====== DATA TO PROCESS ======

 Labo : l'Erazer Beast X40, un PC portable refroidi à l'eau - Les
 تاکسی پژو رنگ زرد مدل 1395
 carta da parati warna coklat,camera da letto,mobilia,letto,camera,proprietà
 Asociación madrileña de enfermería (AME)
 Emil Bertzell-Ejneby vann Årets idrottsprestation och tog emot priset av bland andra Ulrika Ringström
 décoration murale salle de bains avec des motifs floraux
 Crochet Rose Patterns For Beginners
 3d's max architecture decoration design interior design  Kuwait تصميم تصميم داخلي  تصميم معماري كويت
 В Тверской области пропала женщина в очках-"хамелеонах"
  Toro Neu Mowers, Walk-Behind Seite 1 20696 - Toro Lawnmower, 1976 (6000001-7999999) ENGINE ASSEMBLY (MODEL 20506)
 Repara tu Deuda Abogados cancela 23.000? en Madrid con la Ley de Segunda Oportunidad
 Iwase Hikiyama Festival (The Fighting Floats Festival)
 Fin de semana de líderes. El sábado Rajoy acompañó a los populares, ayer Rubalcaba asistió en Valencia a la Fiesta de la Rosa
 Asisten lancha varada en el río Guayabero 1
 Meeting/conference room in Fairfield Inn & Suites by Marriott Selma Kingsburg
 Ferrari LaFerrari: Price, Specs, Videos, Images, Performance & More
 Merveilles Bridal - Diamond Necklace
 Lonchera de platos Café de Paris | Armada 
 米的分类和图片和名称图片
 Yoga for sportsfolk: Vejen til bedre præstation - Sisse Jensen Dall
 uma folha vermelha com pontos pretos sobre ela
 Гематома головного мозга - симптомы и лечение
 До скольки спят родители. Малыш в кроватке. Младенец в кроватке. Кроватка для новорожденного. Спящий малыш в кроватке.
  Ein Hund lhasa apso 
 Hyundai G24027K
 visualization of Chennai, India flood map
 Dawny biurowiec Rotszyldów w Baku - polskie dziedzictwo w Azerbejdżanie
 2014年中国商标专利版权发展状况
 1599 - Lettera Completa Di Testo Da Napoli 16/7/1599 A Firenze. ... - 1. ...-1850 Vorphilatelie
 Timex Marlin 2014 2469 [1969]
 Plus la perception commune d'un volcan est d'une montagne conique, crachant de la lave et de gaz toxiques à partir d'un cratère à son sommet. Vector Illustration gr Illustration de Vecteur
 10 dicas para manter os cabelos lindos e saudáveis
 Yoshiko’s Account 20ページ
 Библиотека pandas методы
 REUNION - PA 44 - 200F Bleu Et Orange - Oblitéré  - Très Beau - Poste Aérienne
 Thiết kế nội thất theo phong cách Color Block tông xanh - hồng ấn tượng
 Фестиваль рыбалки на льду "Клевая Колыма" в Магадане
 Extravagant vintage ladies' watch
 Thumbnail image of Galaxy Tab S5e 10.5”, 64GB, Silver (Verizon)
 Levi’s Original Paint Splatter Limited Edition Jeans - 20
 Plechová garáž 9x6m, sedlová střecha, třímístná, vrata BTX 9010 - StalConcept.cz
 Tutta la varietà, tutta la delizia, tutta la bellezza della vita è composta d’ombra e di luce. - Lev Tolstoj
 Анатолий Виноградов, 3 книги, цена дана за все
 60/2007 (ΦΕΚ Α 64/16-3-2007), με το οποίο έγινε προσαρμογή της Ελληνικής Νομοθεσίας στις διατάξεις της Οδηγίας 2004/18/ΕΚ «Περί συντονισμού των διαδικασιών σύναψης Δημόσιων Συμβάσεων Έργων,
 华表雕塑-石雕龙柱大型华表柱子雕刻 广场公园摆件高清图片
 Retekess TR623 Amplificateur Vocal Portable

======

Restate the data word for word.

> **TASK RESULT**:
 Labo : l'Erazer Beast X40, un PC portable refroidi à l'eau - Les
 تاکسی پژو رنگ زرد مدل 1395
 carta da parati warna coklat,camera da letto,mobilia,letto,camera,proprietà
 Asociación madrileña de enfermería (AME)
 Emil Bertzell-Ejneby vann Årets idrottsprestation och tog emot priset av bland andra Ulrika Ringström
 décoration murale salle de bains avec des motifs floraux
 Crochet Rose Patterns For Beginners
 3d's max architecture decoration design interior design  Kuwait تصميم تصميم داخلي  تصميم معماري كويت
 В Тверской области пропала женщина в очках-"хамелеонах"
  Toro Neu Mowers, Walk-Behind Seite 1 20696 - Toro Lawnmower, 1976 (6000001-7999999) ENGINE ASSEMBLY (MODEL 20506)
 Repara tu Deuda Abogados cancela 23.000? en Madrid con la Ley de Segunda Oportunidad
 Iwase Hikiyama Festival (The Fighting Floats Festival)
 Fin de semana de líderes. El sábado Rajoy acompañó a los populares, ayer Rubalcaba asistió en Valencia a la Fiesta de la Rosa
 Asisten lancha varada en el río Guayabero 1
 Meeting/conference room in Fairfield Inn & Suites by Marriott Selma Kingsburg
 Ferrari LaFerrari: Price, Specs, Videos, Images, Performance & More
 Merveilles Bridal - Diamond Necklace
 Lonchera de platos Café de Paris | Armada 
 米的分类和图片和名称图片
 Yoga for sportsfolk: Vejen til bedre præstation - Sisse Jensen Dall
 uma folha vermelha com pontos pretos sobre ela
 Гематома головного мозга - симптомы и лечение
 До скольки спят родители. Малыш в кроватке. Младенец в кроватке. Кроватка для новорожденного. Спящий малыш в кроватке.
  Ein Hund lhasa apso 
 Hyundai G24027K
 visualization of Chennai, India flood map
 Dawny biurowiec Rotszyldów w Baku - polskie dziedzictwo w Azerbejdżanie
 2014年中国商标专利版权发展状况
 1599 - Lettera Completa Di Testo Da Napoli 16/7/1599 A Firenze. ... - 1. ...-1850 Vorphilatelie
 Timex Marlin 2014 2469 [1969]
 Plus la perception commune d'un volcan est d'une montagne conique, crachant de la lave et de gaz toxiques à partir d'un cratère à son sommet. Vector Illustration gr Illustration de Vecteur
 10 dicas para manter os cabelos lindos e saudáveis
 Yoshiko’s Account 20ページ
 Библиотека pandas методы
 REUNION - PA 44 - 200F Bleu Et Orange - Oblitéré  - Très Beau - Poste Aérienne
 Thiết kế nội thất theo phong cách Color Block tông xanh - hồng ấn tượng
 Фестиваль рыбалки на льду "Клевая Колыма" в Магадане
 Extravagant vintage ladies' watch
 Thumbnail image of Galaxy Tab S5e 10.5”, 64GB, Silver (Verizon)
 Levi’s Original Paint Splatter Limited Edition Jeans - 20
 Plechová garáž 9x6m, sedlová střecha, třímístná, vrata BTX 9010 - StalConcept.cz
 Tutta la varietà, tutta la delizia, tutta la bellezza della vita è composta d’ombra e di luce. - Lev Tolstoj
 Анатолий Виноградов, 3 книги, цена дана за все
 60/2007 (ΦΕΚ Α 64/16-3-2007), με το οποίο έγινε προσαρμογή της Ελληνικής Νομοθεσίας στις διατάξεις της Οδηγίας 2004/18/ΕΚ «Περί συντονισμού των διαδικασιών σύναψης Δημόσιων Συμβάσεων Έργων,
 华表雕塑-石雕龙柱大型华表柱子雕刻 广场公园摆件高清图片
 Retekess TR623 Amplificateur Vocal Portable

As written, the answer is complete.